Но зато в ее душе продолжали свербить десятки мелких царапин, какие он нанес ей своей небрежной беспечностью, своей мальчишеской нетерпеливостью, даже той беззаботной шаловливостью, с какой он проявлял свою любовь к ней, когда он все-таки показывал, что любит ее. Еще в молодые годы, когда сердце ее было исполнено податливой мягкости, она трепетала при мысли, что у нее не хватит ни душевных, ни телесных сил, если супруг ее, отец беззащитных крошек, которых она прижимает к своей груди, не сумеет показать, что у него достанет мужества и любви, чтобы защитить ее и их маленьких сыновей. Что за мука это была сознавать себя беспомощной, неискушенной и неопытной и чувствовать, что не можешь положиться на разум и силу своего супруга! Вот тогда, как видно, ее сердцу и были нанесены раны, которые не зарубцевались до сих пор. Сама невыразимая услада сжимать в объятиях новорожденное дитя, прикладывать нежный ротик к своей груди и ощущать в объятиях теплое, мягкое тельце – даже и она была отравлена вечным страхом и тревогой: ты так беззащитен, мой ненаглядный, а твой отец и не думает о том, что ему надлежит денно и нощно печься о твоем благоденствии…
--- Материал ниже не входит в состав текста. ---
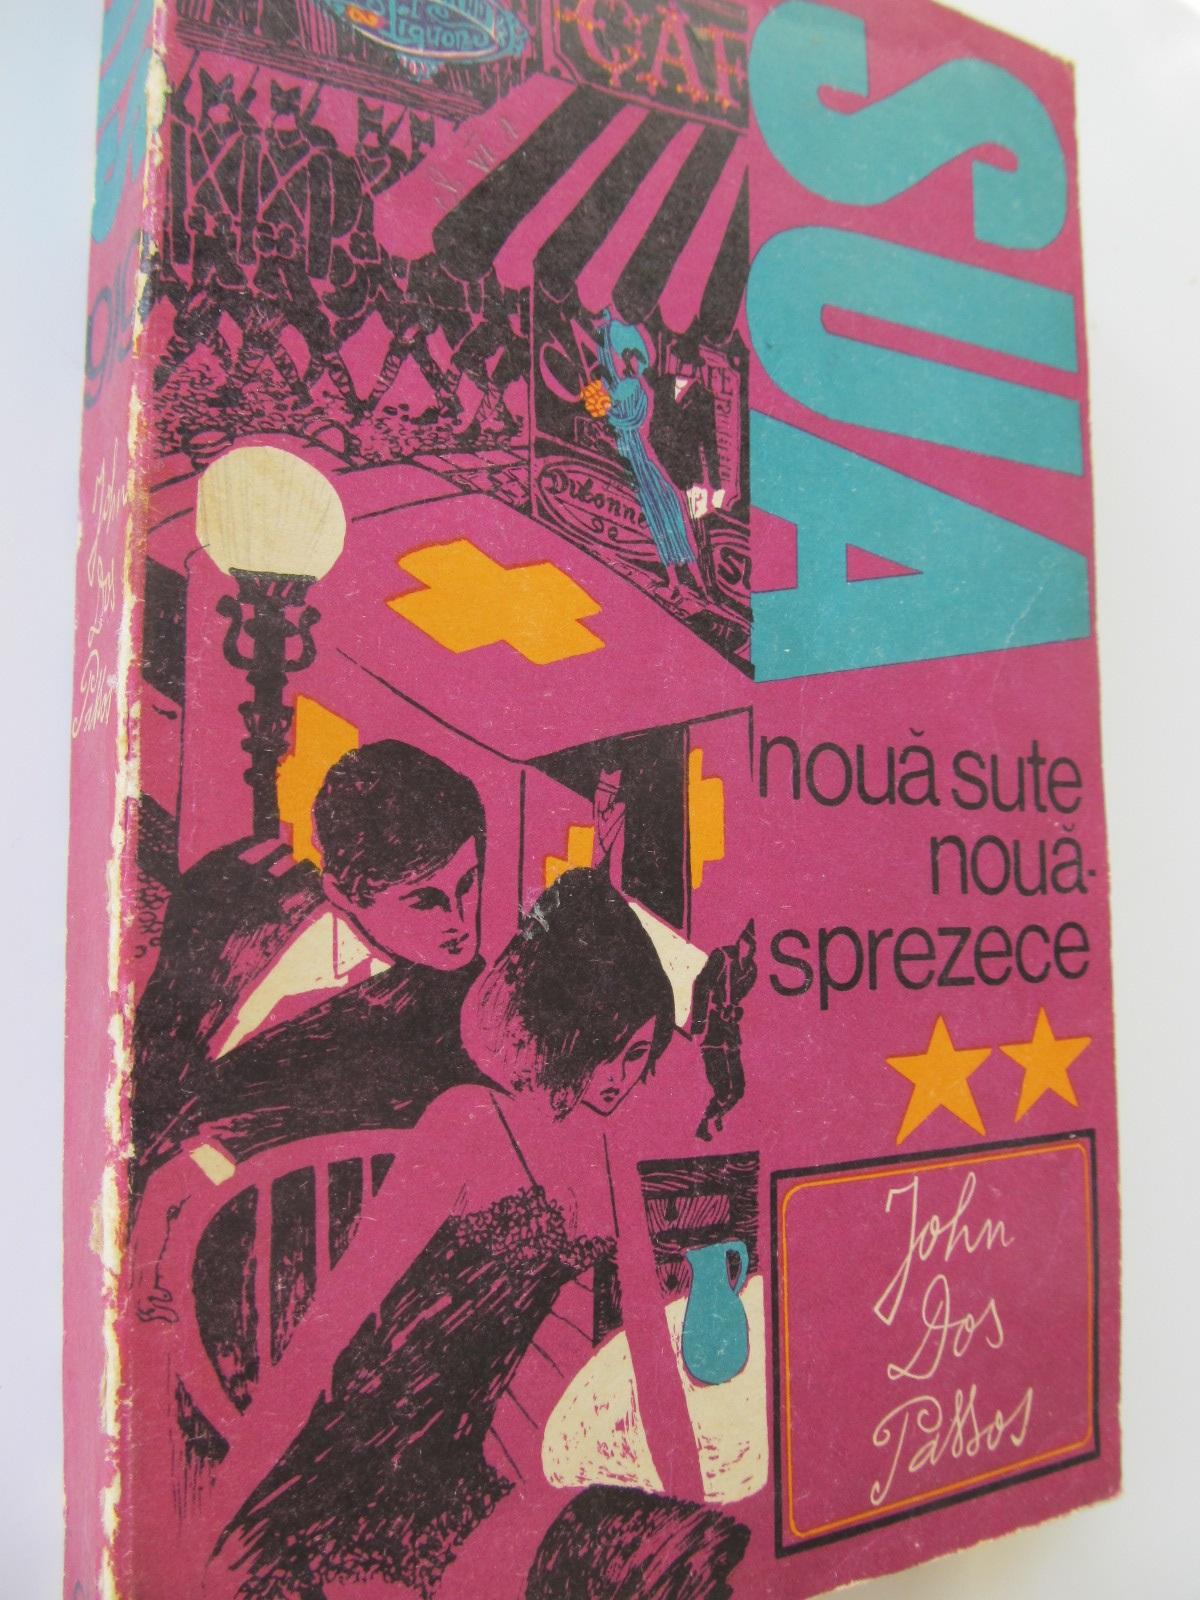 SUA - Noua sute nouasprezece (vol. 2) - John Dos Passos | Detalii carte

А ныне, когда малютки ее выросли и возмужали, но когда разум их еще не окреп, отец сманивает детей у матери. Они ускользают от нее – вся эта стайка мужчин, ее сыновей, – ускользают с той непостижимой мальчишеской беспечностью, какую она замечала во всех мужчинах и которой так чужда усталая, озабоченная женская душа.
Вот почему, думая о себе, она чувствовала только гнев и обиду на Эрленда. Но она со страхом спрашивала себя, как относятся к случившемуся ее сыновья.
Ульв ездил в Довре с двумя вьючными лошадьми и отвез Эрленду вещи, о которых тот просил: одежду, кое-что из оружия, все его четыре лука, мешочки с наконечниками для стрел, железные стрелы и трех собак. Мюнан и Лавранс безутешно рыдали, когда Ульв взял у них маленькую гладкошерстную суку с висячими, мягкими, как шелк, ушами, – это была собака редкой иноземной породы, которую Эрленд получил в подарок от аббата монастыря в Нидархолме. То, что их отец владеет такой необыкновенной собакой, как видно, в особенности возвышало его над всеми в глазах малышей. А отец еще пообещал им, что, когда сука снова ощенится, они оба смогут выбрать себе щенка по своему вкусу.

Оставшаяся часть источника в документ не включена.